Leonard N. Zubkoff (lnz@dandelion.com)
Mon, 18 Mar 1996 22:16:47 -0800


From: "Eric Youngdale" <eric@aib.com>
Date: Mon, 18 Mar 1996 19:19:29 -0500

I have something I would like people to try if they have been
experiencing data corruption problems with SCSI. The patch is pretty
simple, it just disables resets being sent because of timeout - someone
else tried something like this and found that it helped.

As I recall, it helped avoiding system hangs, but there wasn't any data
corruption involved.

Note that there may be error conditions which will no longer be
recoverable with this set, but I am not sure how often this comes up.
Right now I would like to know if this improves system reliability.

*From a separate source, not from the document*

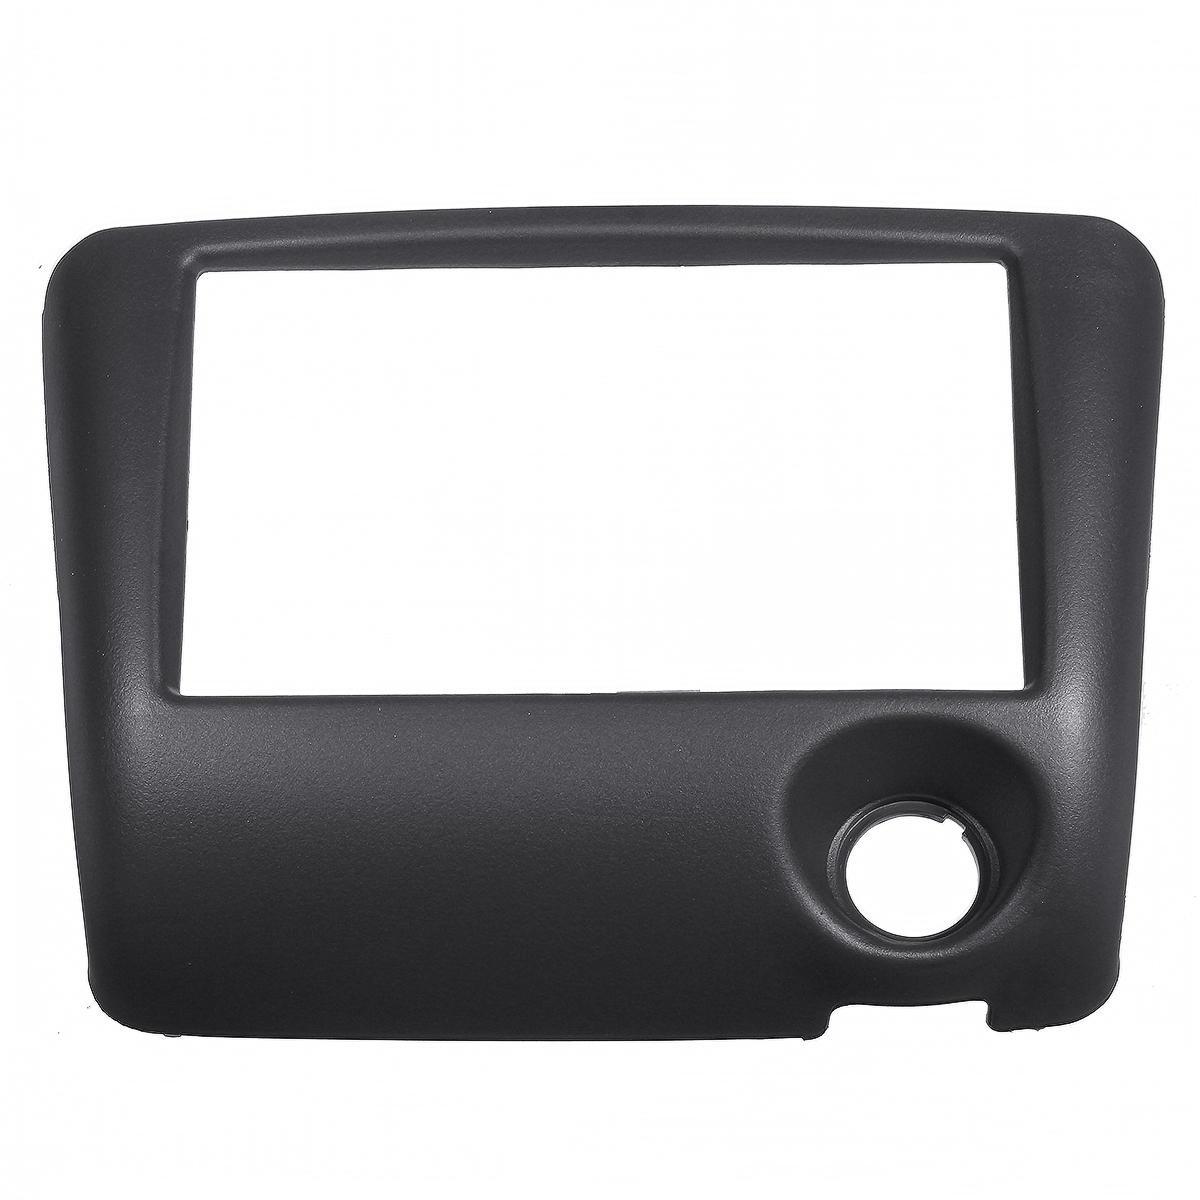 Car Stereo Frame Panel CD Radio Facia Trim Double 2DIN For Toyota Vitz Yaris Echo 1999-2005

It comes up much more often than you might think. Since I implemented
resetting in the BusLogic driver, I've had many reports where the timeout based
reset code allowed the system to recover from error conditions that formerly
led to system hangs. It was Simon Shapiro who reported some of the worst
problems recently, and he now has some alpha test changes to my BusLogic driver
and to scsi.[ch]. I think I've handled all the race conditions and other reset
anomalies I described recently with the exception of the one I described as a
"paired reset". I'm hopeful he will be able to reproduce this problem and
gather enough debugging information for me to understand what's really
happening. Despite trying all the tests he's recommended, I've been unable to
cause the same sort of lossage he sees. I've been generating lots of timeouts
and resets, but I've seen the paired reset death only a very few times, and
never with enough information to determine what's happening.

There have been other reports of problems with recent 1.3.x kernels and I
suspect there's a common thread here that's not yet understood. If interrupt
latencies have actually gone through the roof as someone hypothesized, that
could account for some of the timeout problems.

Leonard